Happiness After Sadness

By Alicy Munde

I was born and raised in Malawi but I had no memory of my mother’s presence, of her smell, her voice. My father impregnated her but never married her. My mother lost her mind but she never thought of getting rid of me even if she was not thinking straight due to being disappointed by my father.

Life wasn’t easy for my mother after I was born. When I was 2 years old, she left me with my grandmother and went to South Africa. She had never been there before, but friends who lived there told her life is not as tough, and jobs were easy to find. She cried a lot the day she took the bus to South Africa. She told my grandmother not to tell me where she was. She said she wanted to apologize in person, and explain why she had taken such a tough decision when she returned.

Growing up with my grandmother was the best experience to me. I was loved so much that I could even forget that another woman gave birth to me. My grandmother made sure I got whatever I wanted. If cried for ice-cream, she’d get ice-cream. If I wanted new clothes, she bought me new clothes.

For all the things that my grandmother was doing for me, I was calling her mother instead of grandmother. She sometimes smiles if I called her mother. One day I asked, “Why are you smiling?” “There is nothing my daughter, I am just happy to have you,” she said.

When I turned 15, my grandmother called me. It was a Saturday morning and I was washing plates. “I want to tell you something that I always wanted you to know and I believe that you are now mature enough to hear it.” “Go on granny,” I said. She told me my mother was alive.

I grew up thinking of my grandmother as a mother. Whenever I asked where my mother was, she said she didn’t know. I will never forget the evening when a strange woman showed up at our house, asking me where my grandmother was. I was shocked since there was no way a stranger would come straight to me and ask me where my grandmother was. I ran inside and called for her.

When my grandmother came out, she shed tears of joy and hugged the stranger. I was so shocked. My grandmother welcomed her inside and gave her a seat. I was surprised the woman I didn’t know started crying after I entered in house. My grandmother told me that it’s time I meet my biological mother. Crying, my mother said that I looked like my father. She couldn’t hold her tears because she felt bad, she never had the chance to share her love to me. I went straight to her, and we hugged for five good minutes, crying tears of joy.

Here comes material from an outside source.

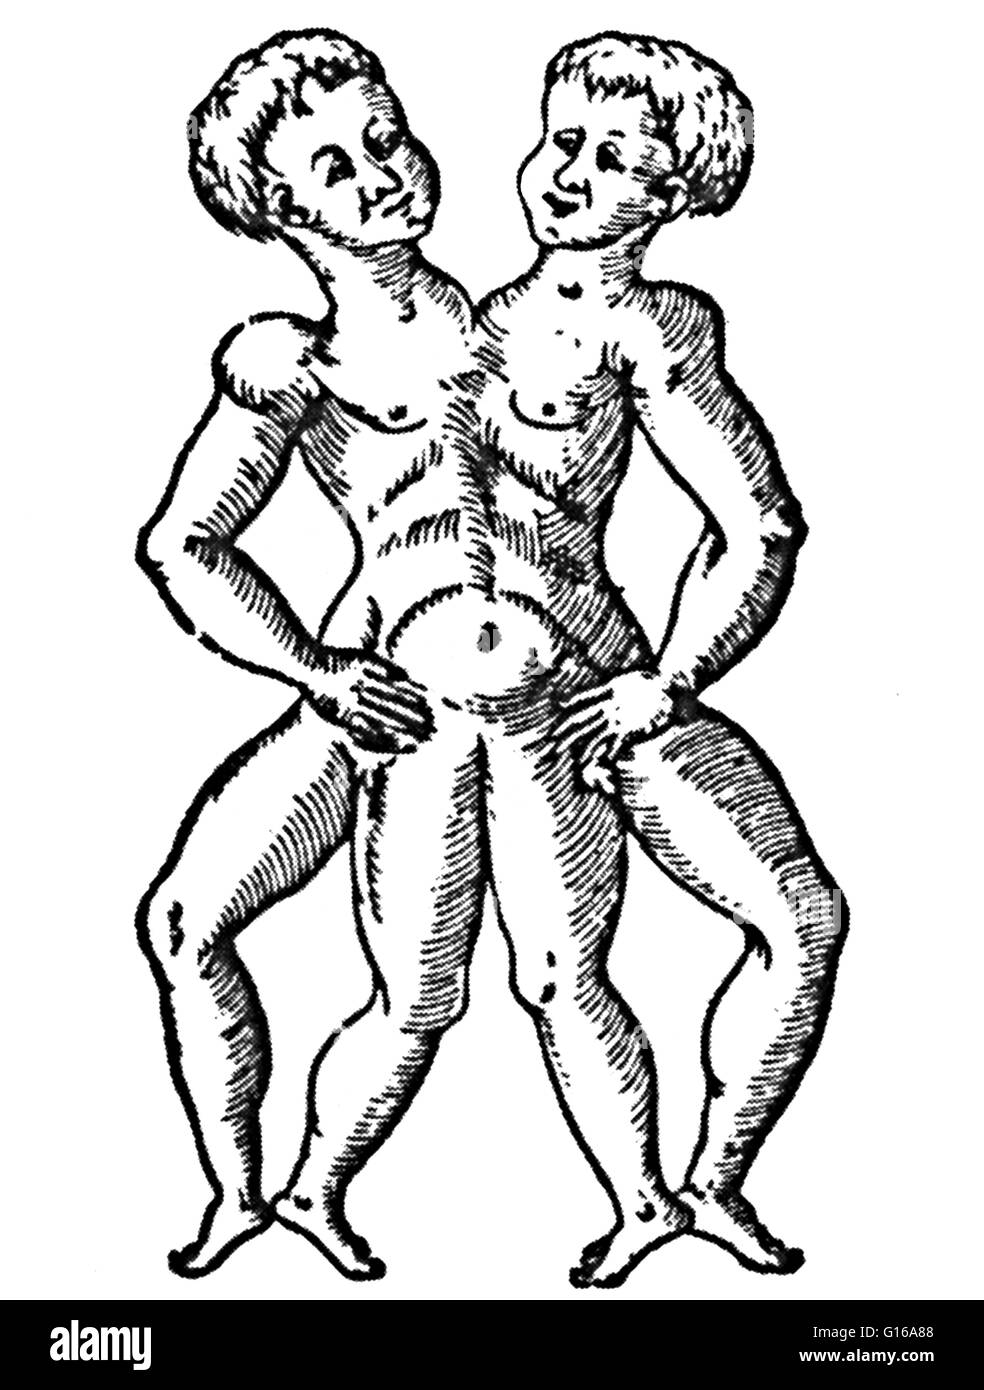 Gravure sur bois de jumeaux siamois de Des Monstres et prodiges d'Ambroise Paré, 1573. Jumeaux siamois sont de vrais jumeaux nés avec leur corps s'est joint à un moment et d'avoir plus ou moins de résidus de duplication, un résultat de la division incomplète du Banque D'Images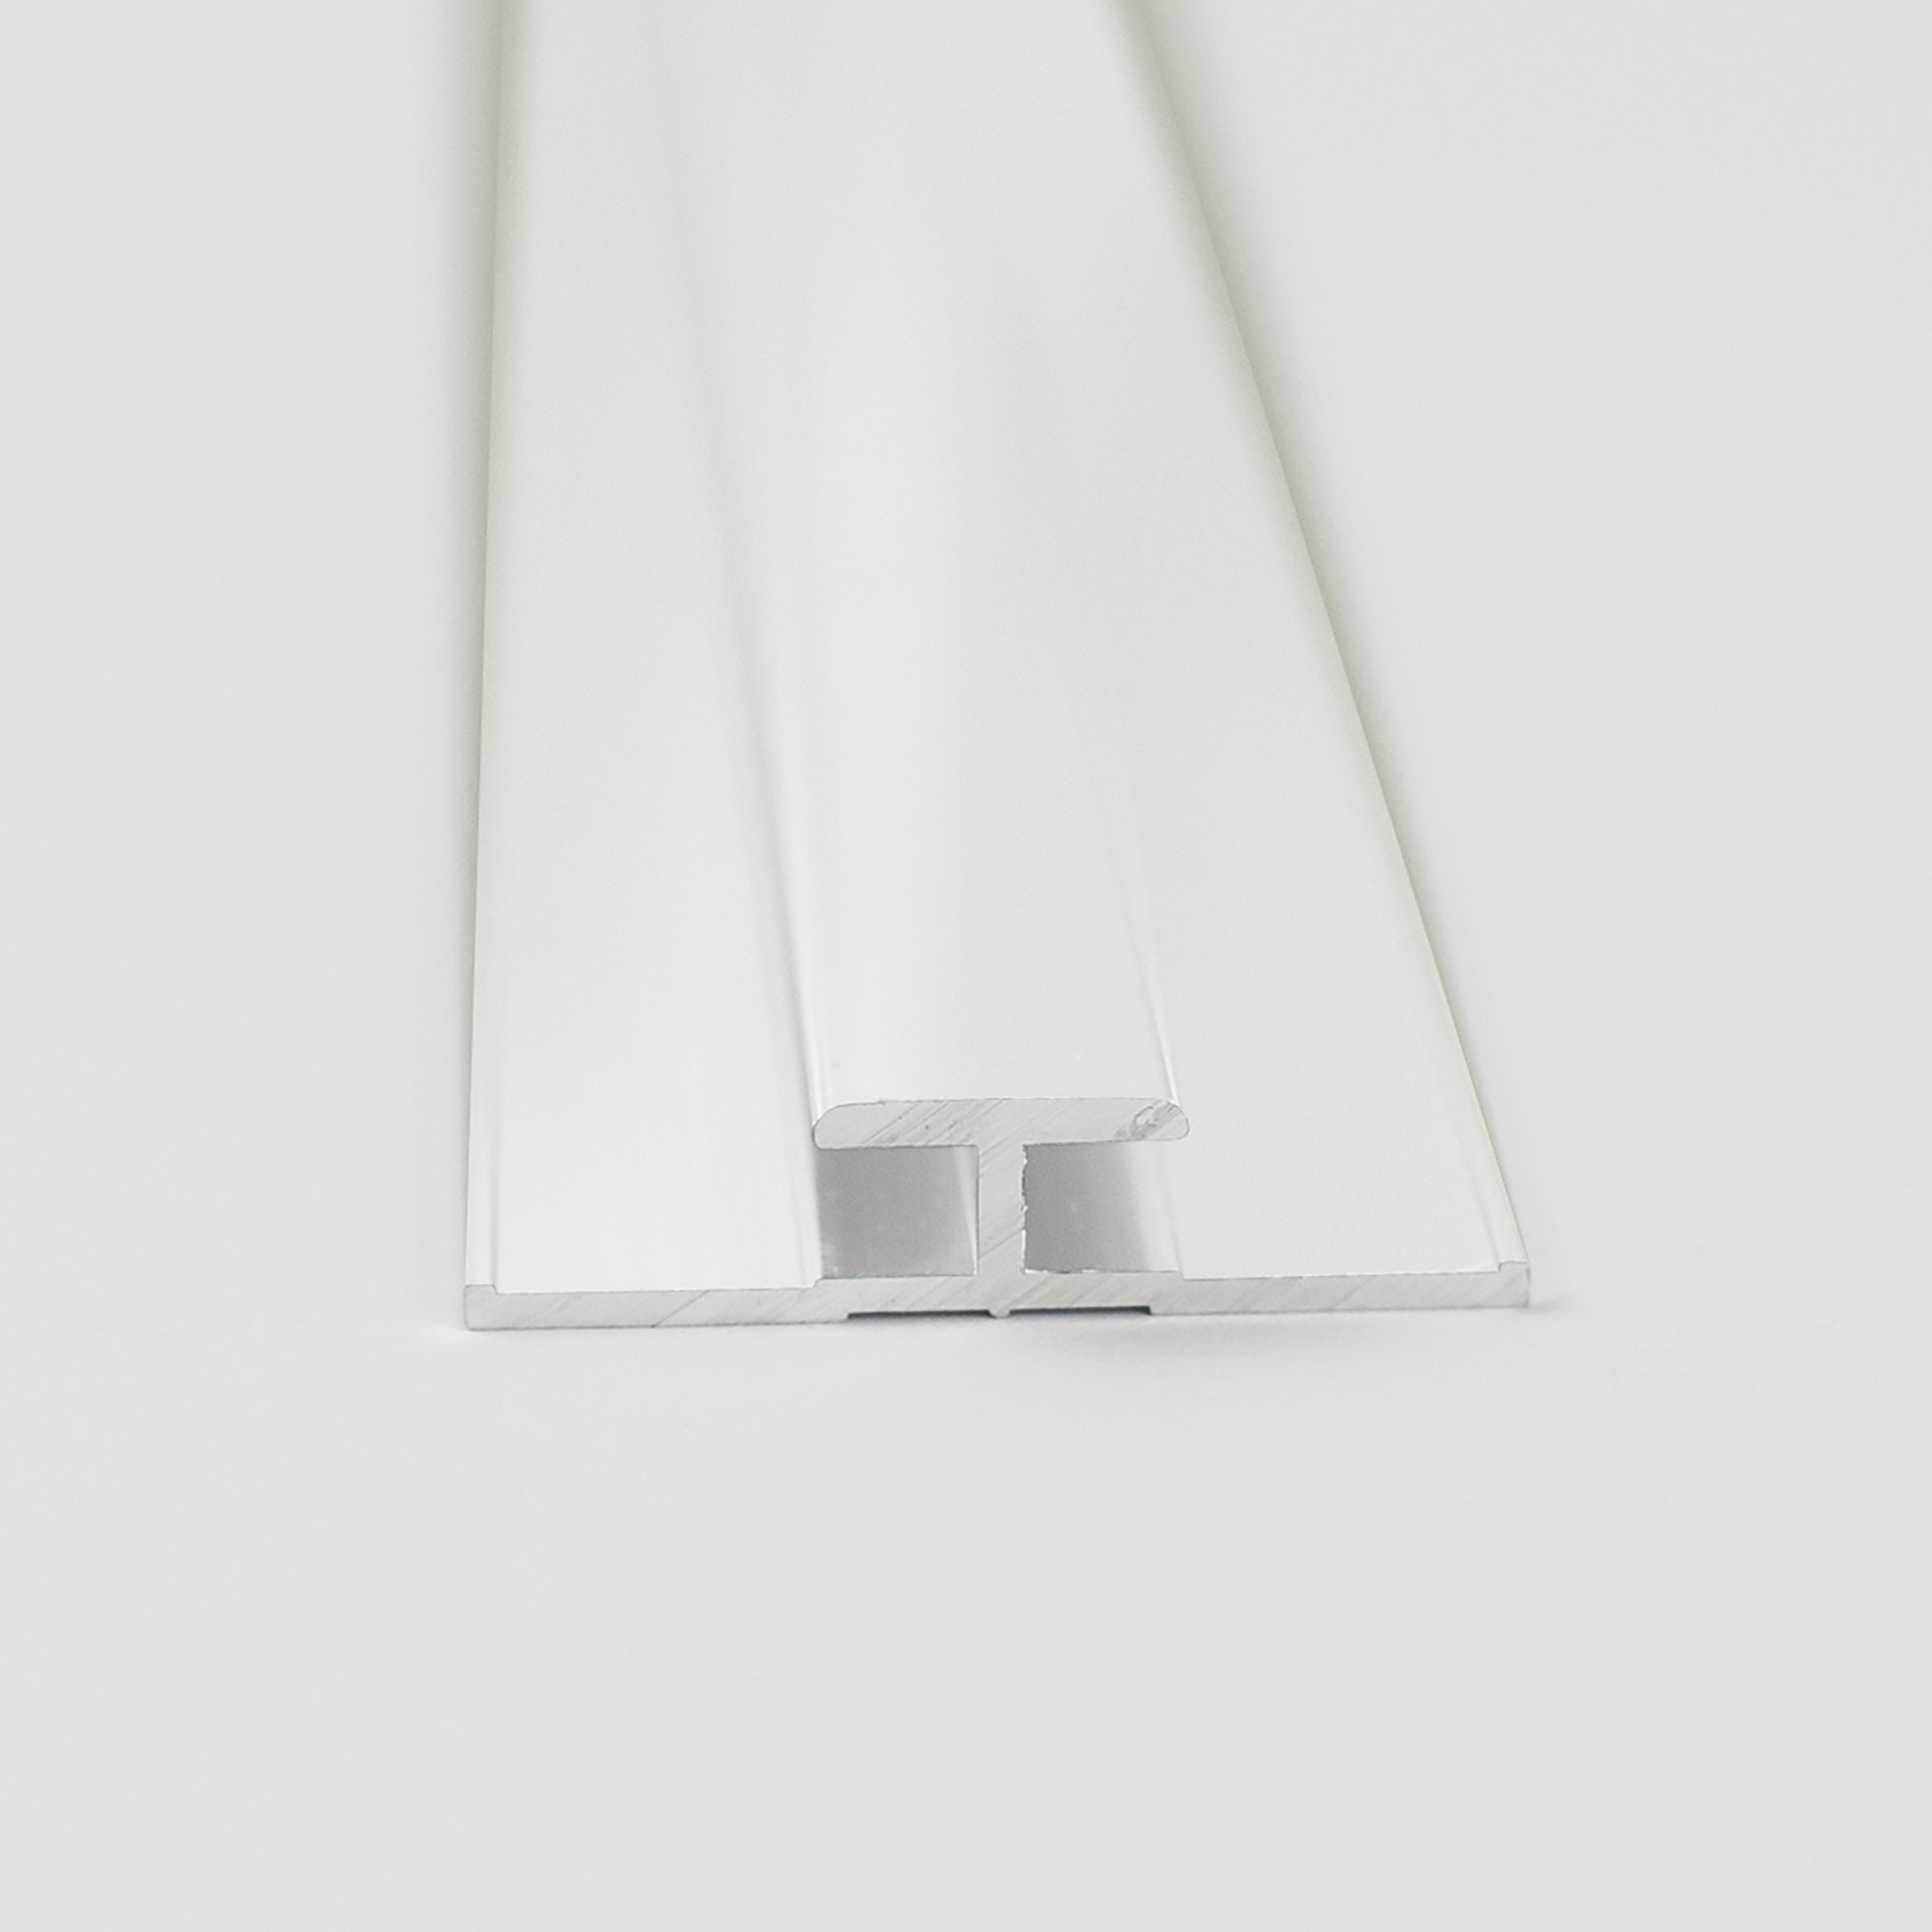 Verbindungsprofil für Rückwandplatten, weiß, 2100 mm + product picture

“Mom, this is something I always wanted and I can never allow you to leave me again, I have to enjoy the life with my mother too,” I told my mom. It was surprising and shocking to have her back in my life. “That is why I am here my daughter,” she said. “I came to make it up to you and came here to stay.” I was filled with joy after hearing this. Six years have passed since that moment, and I am enjoying every moment I spend with her.